There could be no doubt that our new servant was all that her former mistresses had called her. She could pile on coals without putting out the fire, her cooking was as good as her French. Indeed, one would have said that she had learned both in the same country. As soon as the door-bell rang she was at the door to open it, and she never entertained her male cousins in the kitchen.

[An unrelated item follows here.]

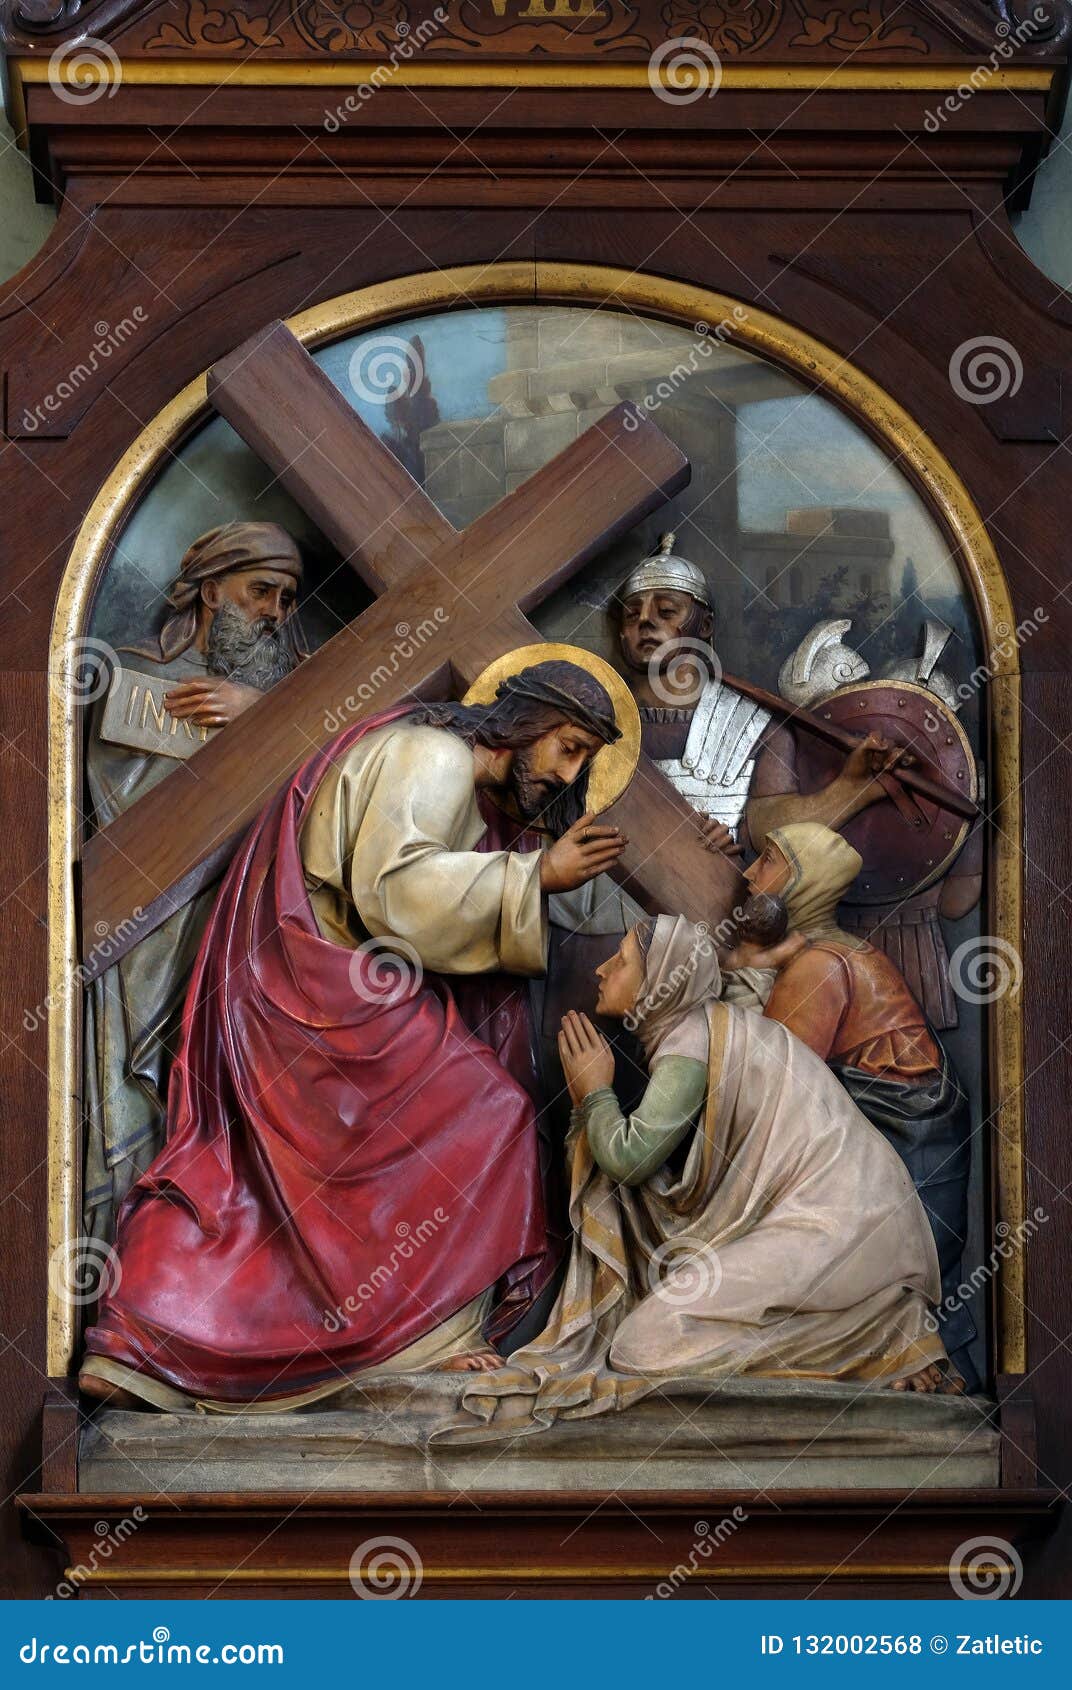 8th stations of the cross,jesus meets the daughters of jerusalem
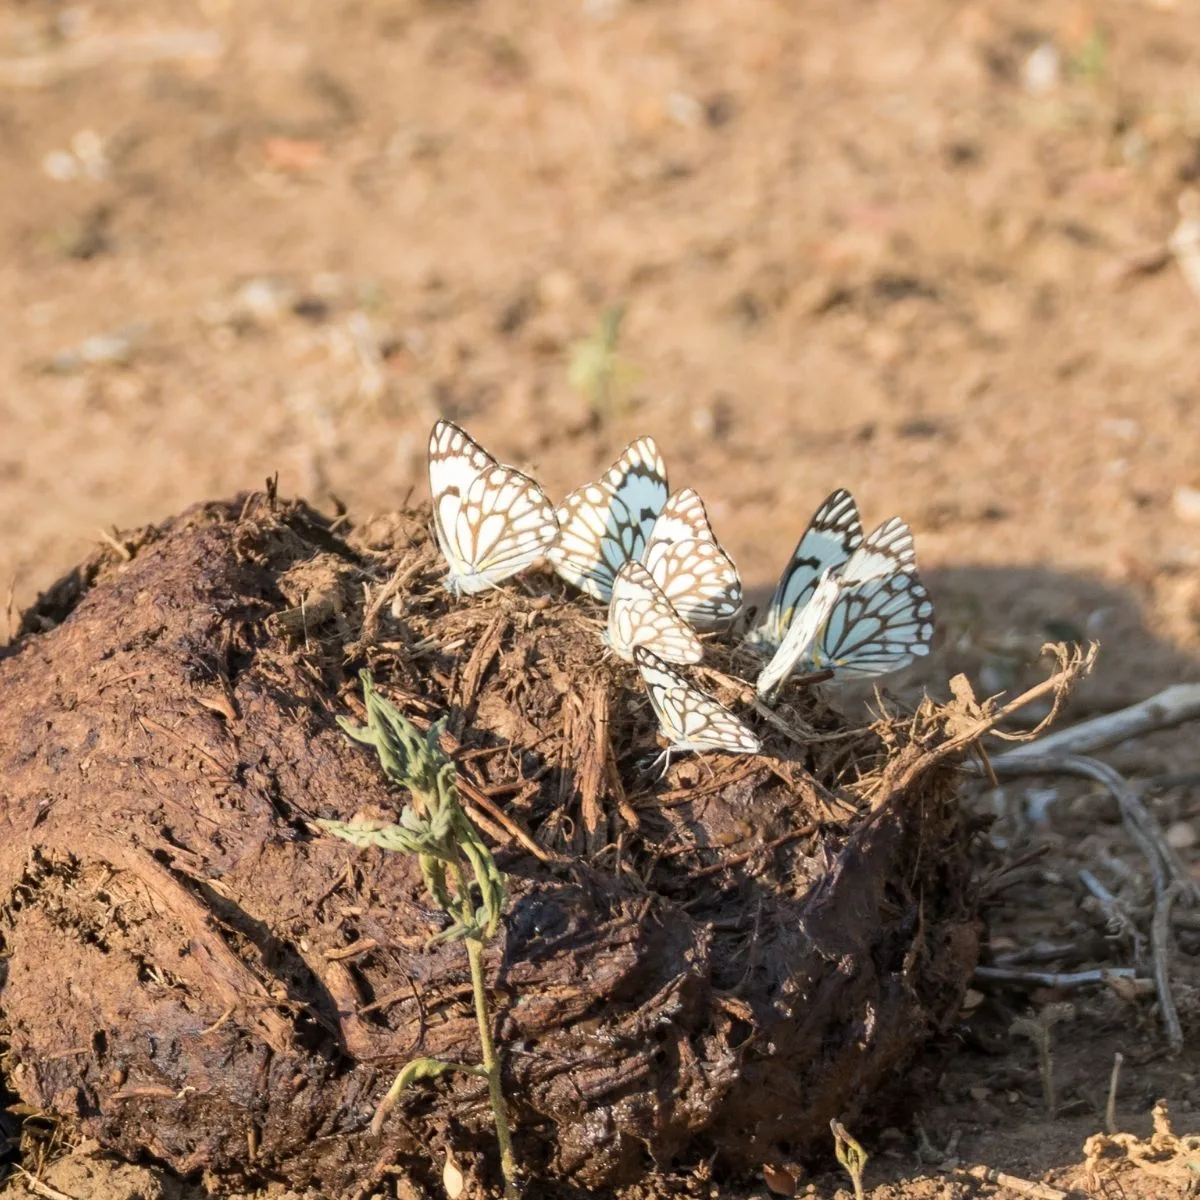 butterflies gathered on a pile of manure

My wife reads a good many novels, which it was my custom to get for her from a library. She has a leaning toward learning and an inclination to the frivolous, which struggle for the mastery over her, and, accordingly, she tells me to get a queer assortment of books for her. Herbert Spencer and Miss Florence Marry at are her two favorite authors.
“What novels will I get for you to-day?” I asked her, soon after the new servant came. She sighed for reply.
“I don’t think I’ll read any more novels,” she added, in a dejected voice.
“Waste of time?” I asked.
She sighed again.
“It is the servant,” she said.
“Why, what has she been doing? I thought she was such a good servant that you would have more time for reading now than ever?”
“Oh, she is a model servant; but I don’t like her to see me reading novels.”
“You didn’t use to be so particular. Are you afraid to set her a bad example?”
“I wish I could! No, I don’t mean that, but I am ashamed to read light books in her presence. I see her raising her eyebrows in surprise every time she finds me with three volumes in my lap.”
“She can’t know anything about what is inside the books.”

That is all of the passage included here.